بخشی از مقاله (انگلیسی)
A zoonotic coronavirus, tentatively labeled as 2019-nCoV by the World Health Organization (WHO), has been identified as the causative agent of the viral pneumonia outbreak in Wuhan, China, at the end of 2019. Although 2019-nCoV can cause a severe respiratory illness like SARS and MERS, evidence from clinics suggested that 2019-nCoV is generally less pathogenic than SARS-CoV, and much less than MERSCoV. The transmissibility of 2019-nCoV is still debated and needs to be further assessed. To avoid the 2019-nCoV outbreak turning into an epidemic or even a pandemic and to minimize the mortality rate, China activated emergency response procedures, but much remains to be learned about the features of the virus to refine the risk assessment and response. Here, the current knowledge in 2019-nCoV pathogenicity and transmissibility is summarized in comparison with several commonly known emerging viruses, and information urgently needed for a better control of the disease is highlighted.
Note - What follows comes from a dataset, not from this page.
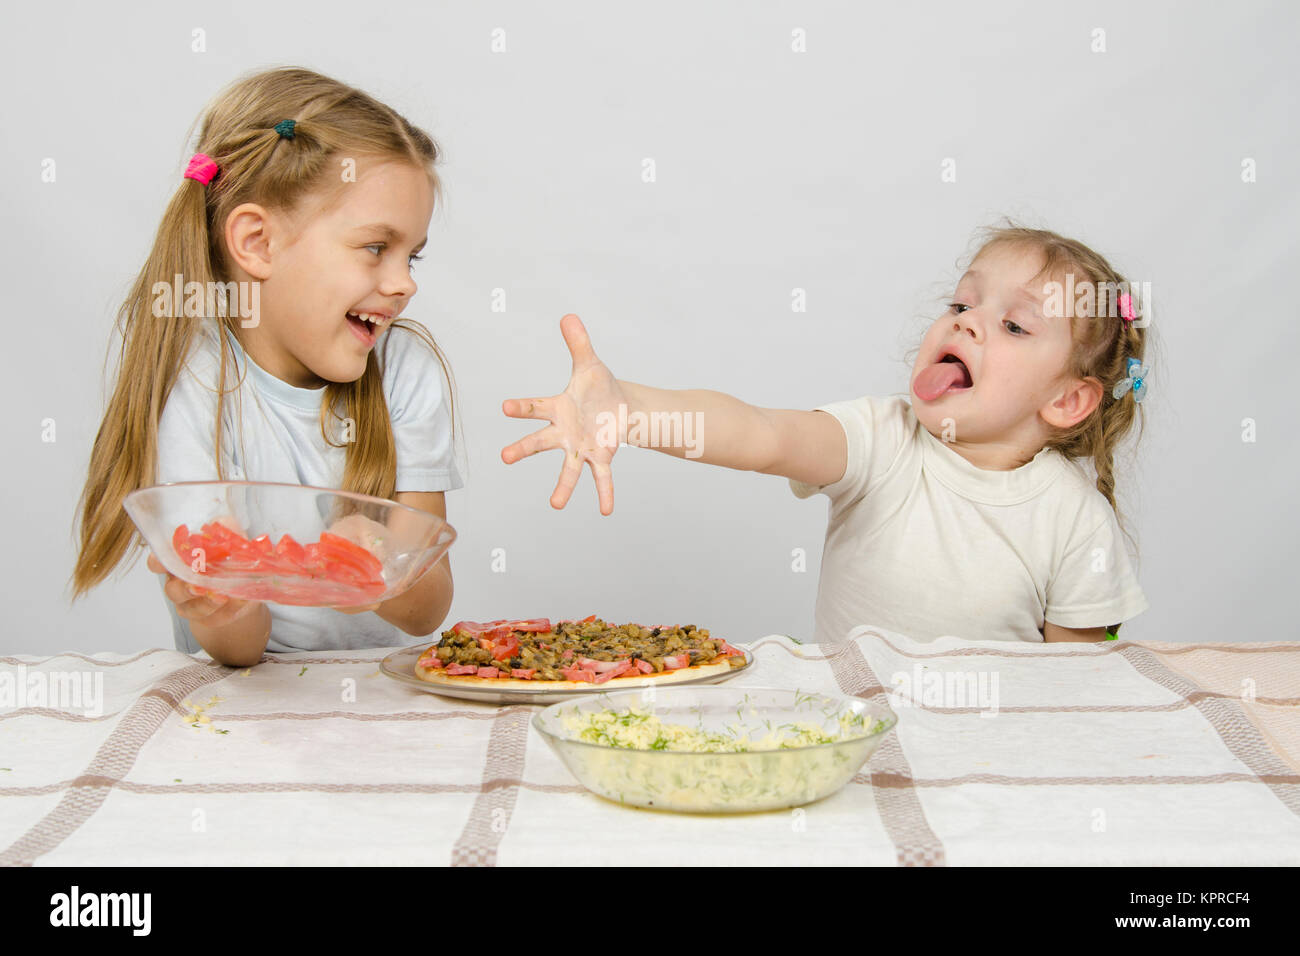 Due bambine in una tabella preparata la pizza. Uno con una bizzarra vista si allunga una mano per una piastra con pomodori, che prende gli altri con un sorriso Foto Stock
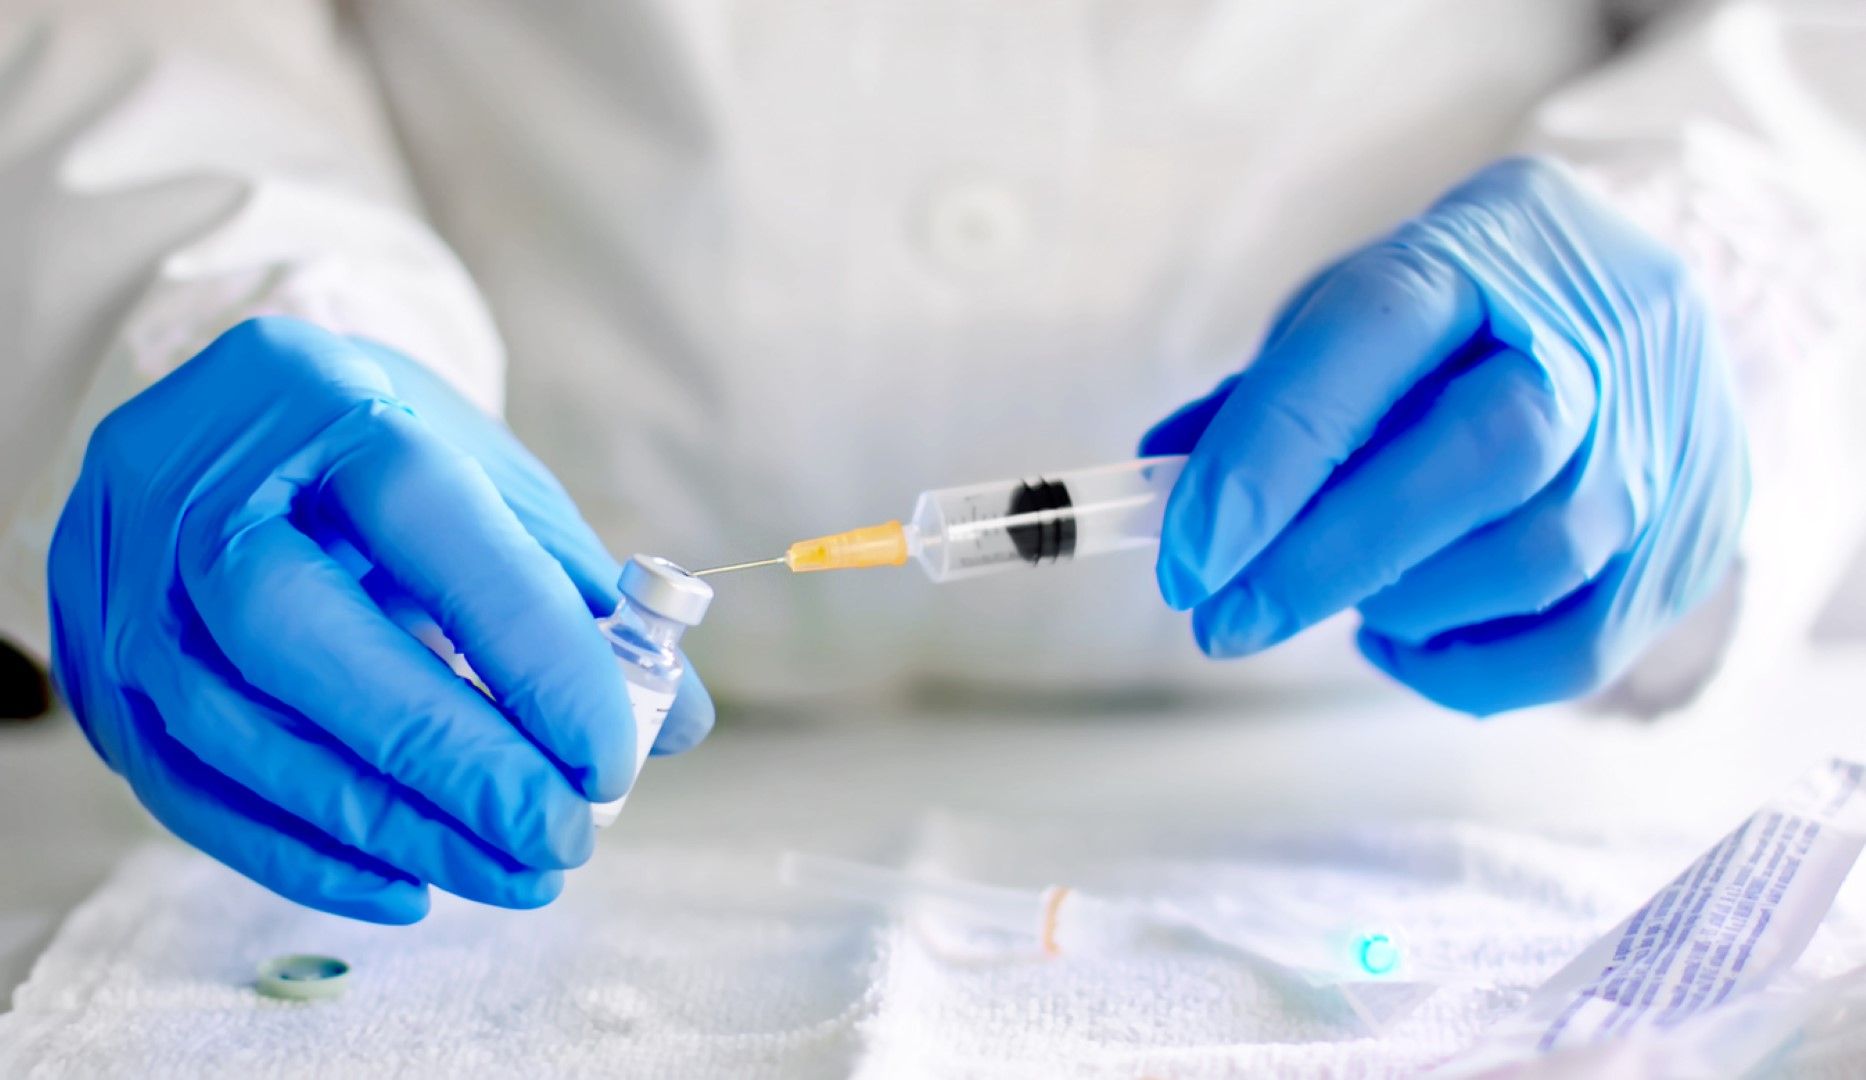 Около 100 са потенциалните ваксини, но те са на различен етап на производство и тестване. Само няколко производители вече провеждат клинични изпитания

Pathogenicity of 2019-nCoV
Of the first 41 cases of laboratory confirmed infections with 2019-nCoV, all had viral pneumonia and almost a third of the patients developed acute respiratory distress syndrome (ARDS) requiring intensive care and 6 patients (14.6%) died . Since the fatality rate of the early reported case is often high due to bias towards more severe cases, the true mortality risk might be much lower. As of Jan 27, 2020, about 3000 cases have been confirmed in China, and cases were also reported in Japan, South Korea, Thailand, Singapore, the United States, and Australia, all of which were exported from China. The total number of deaths from the pneumonia-related disease accounts for less than 3%. In addition, most of those who have died had underlying health conditions such as hypertension, diabetes or cardiovascular disease that compromised their immune systems. Although the fatality rate will continue to change until all infected people recover, it appears that 2019-nCoV is less pathogenic than SARS-CoV (~10%), and much less than MERS-CoV (~40%).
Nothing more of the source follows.